### Available data
:::
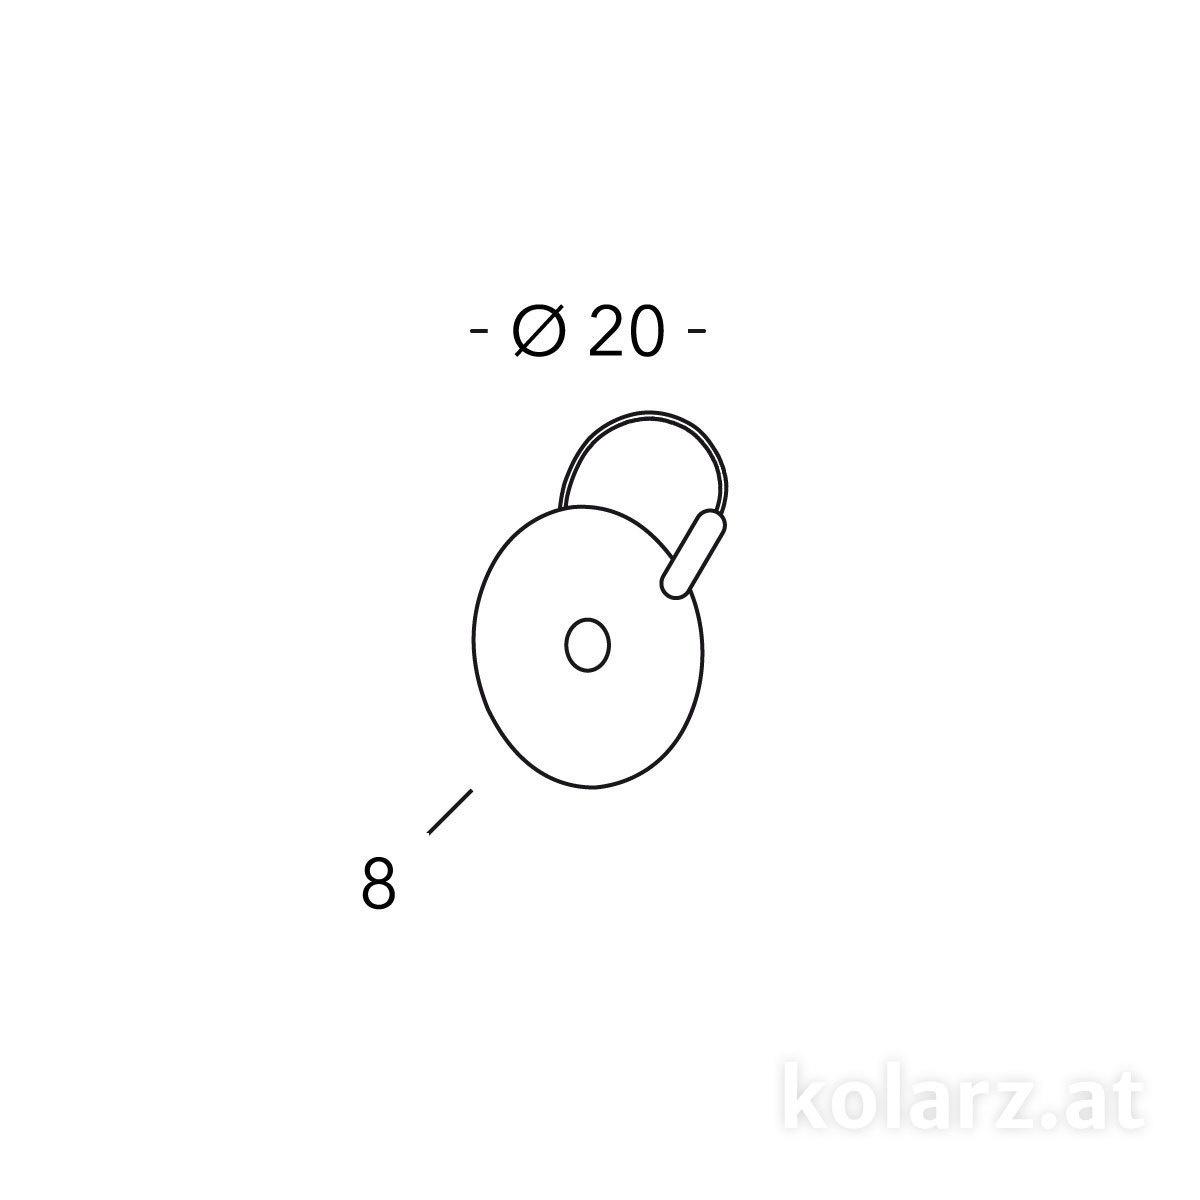 5110-60130-000__li10-s1.jpg
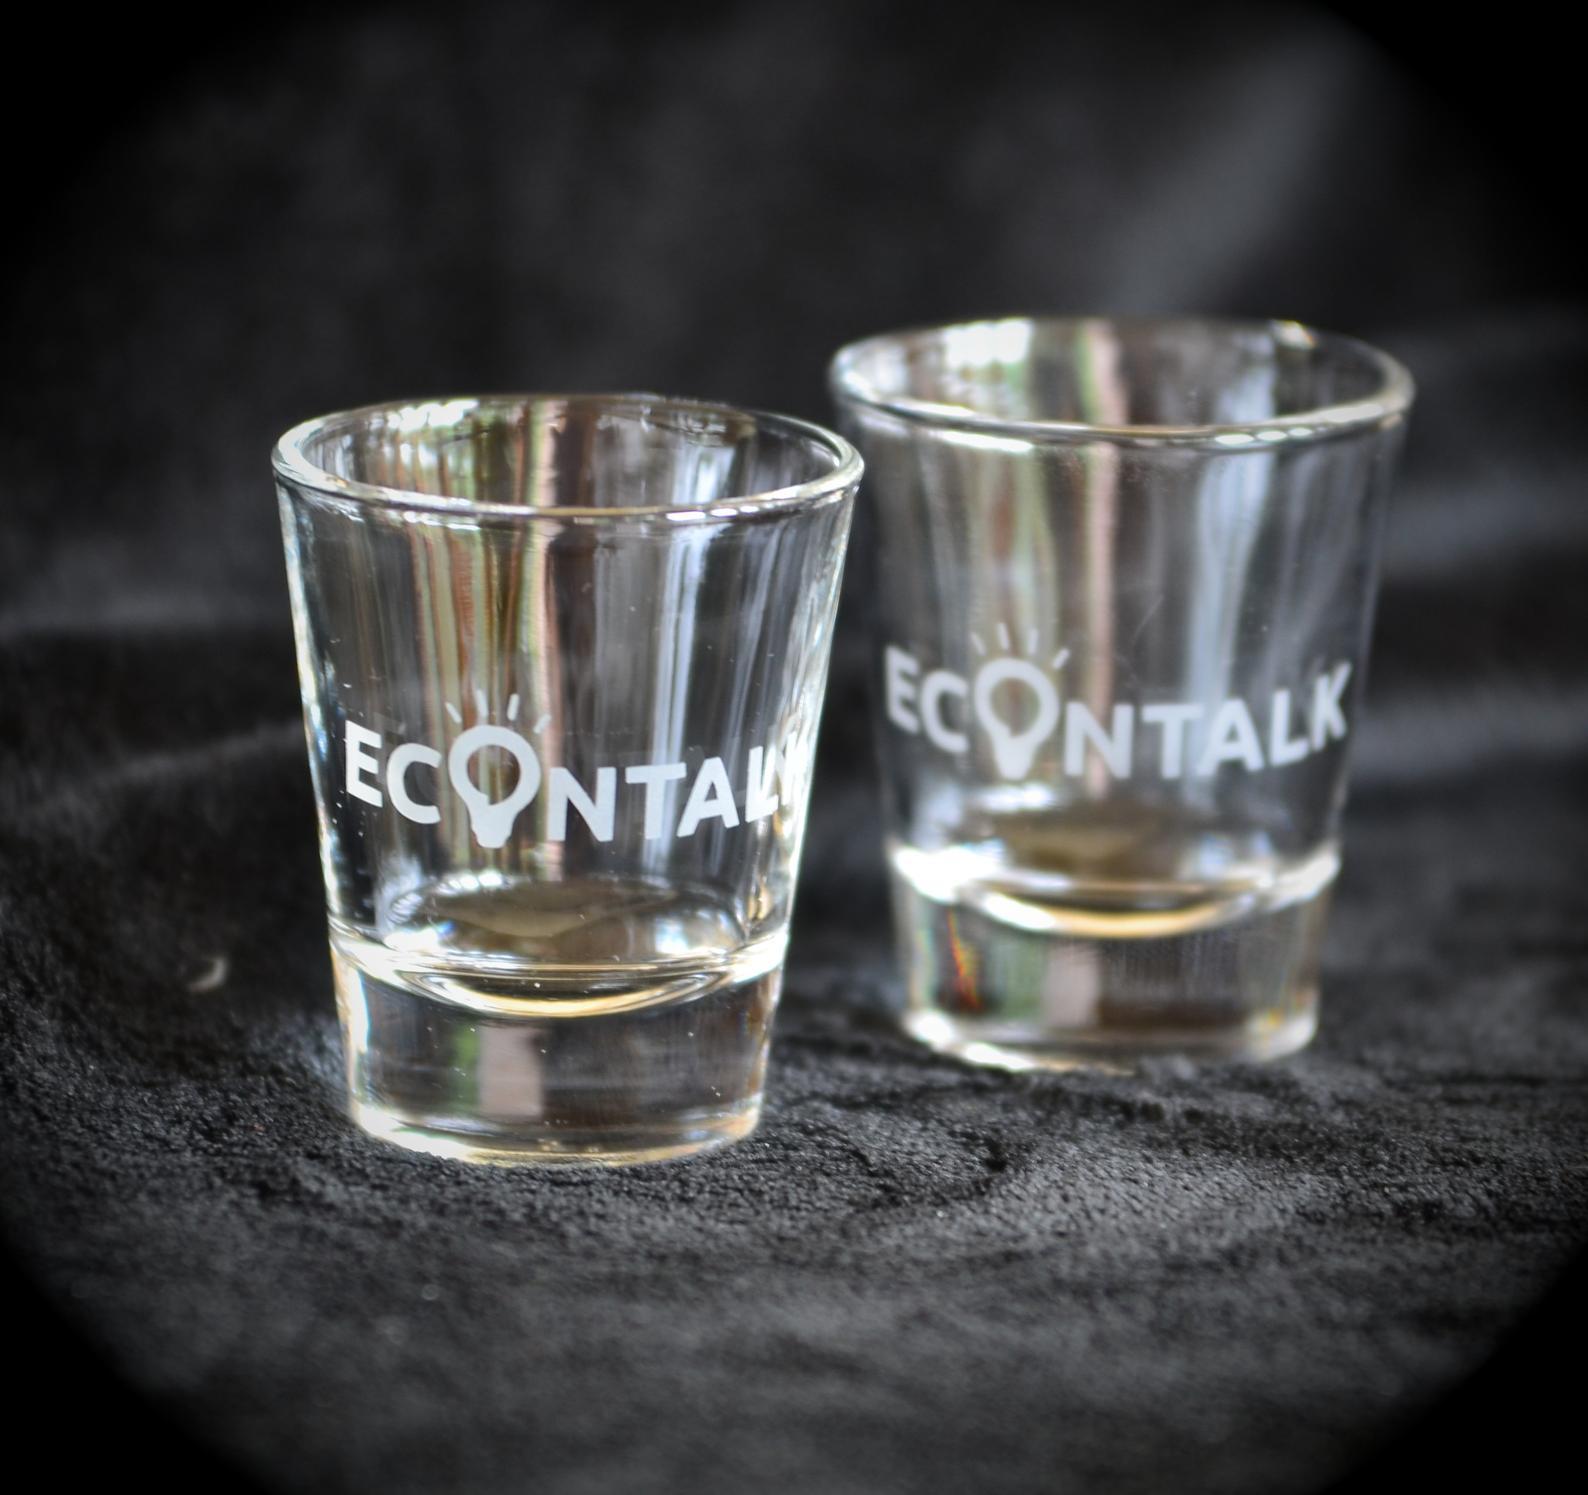 EconTalk Shot Glasses
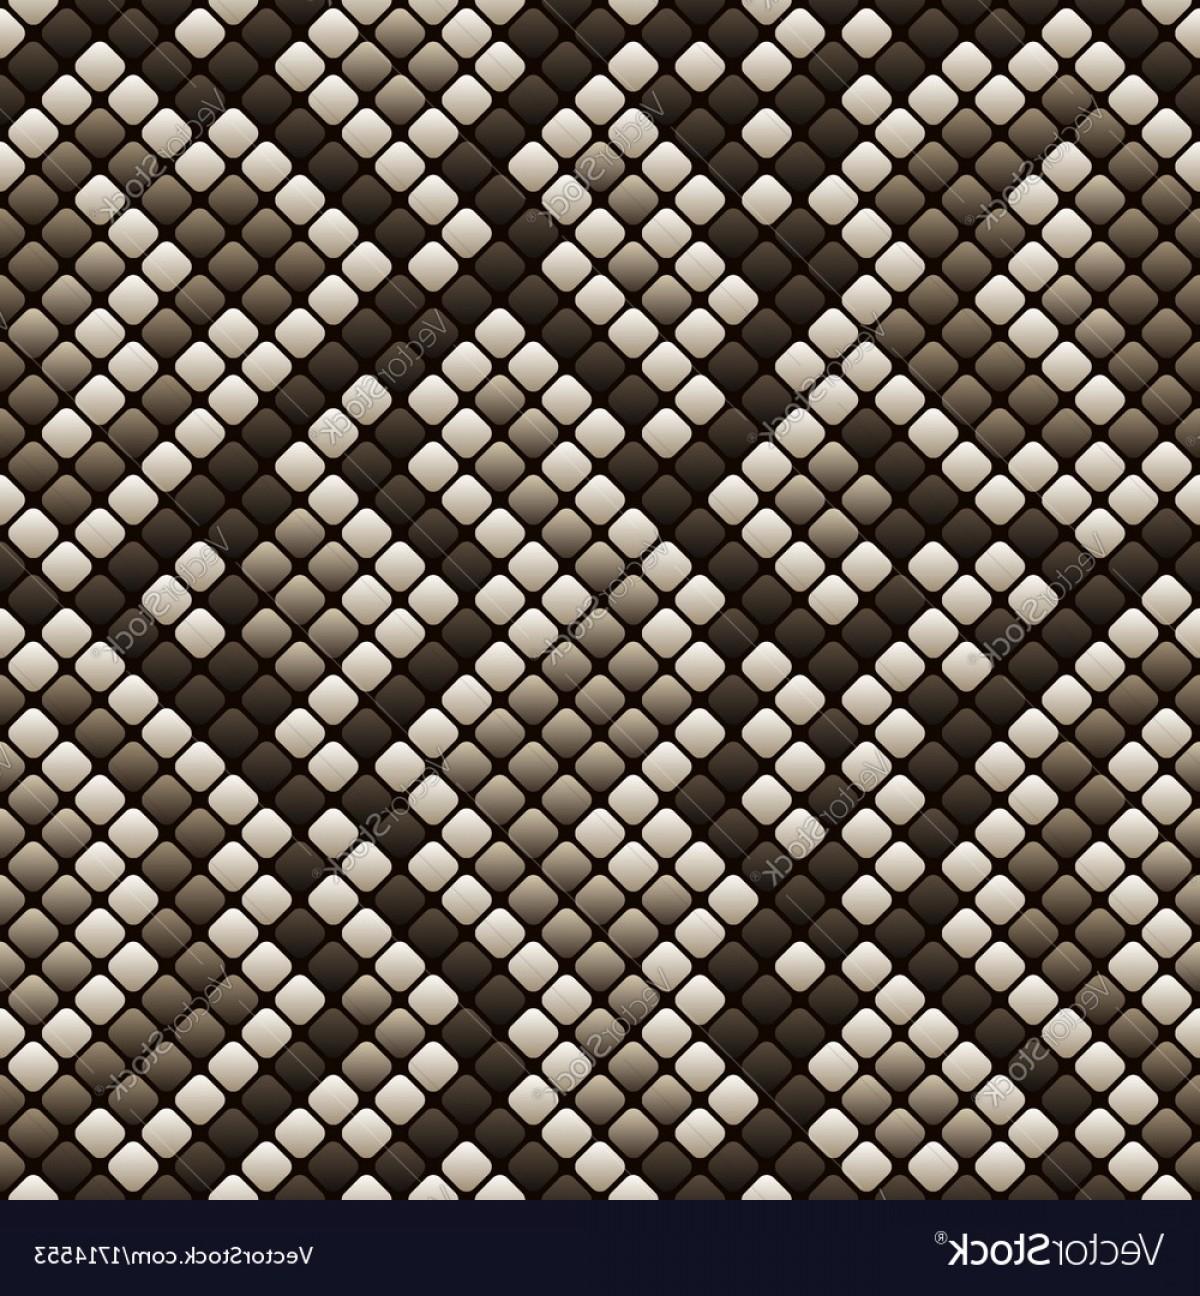 1200x1296 Snakeskin Seamless Pattern Vector Sohadacouri
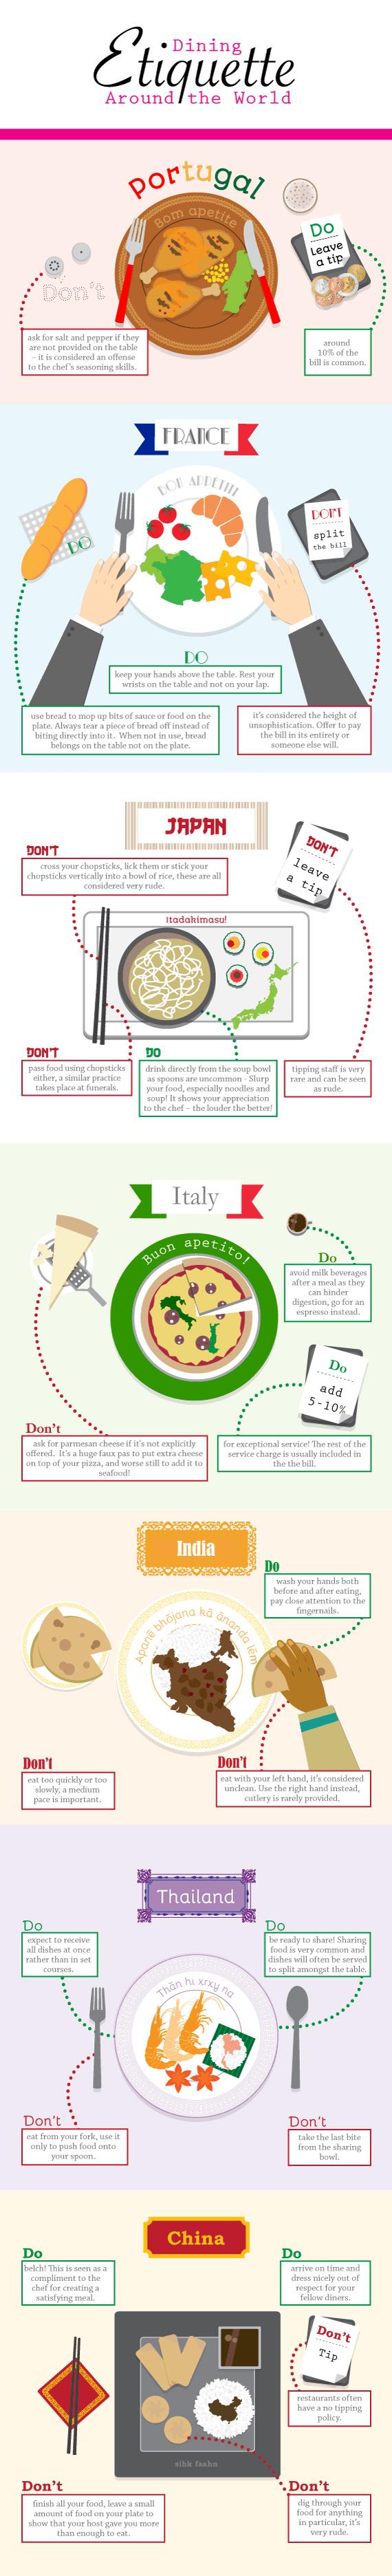 Dining etiquette infographic
:::
### What you are asked to do
The lines to copy run from the line containing "EconTalk Shot Glasses" through the end of the data above; copy exactly those, minus the pictures.

### Reply
 EconTalk Shot Glasses
 1200x1296 Snakeskin Seamless Pattern Vector Sohadacouri
 Dining etiquette infographic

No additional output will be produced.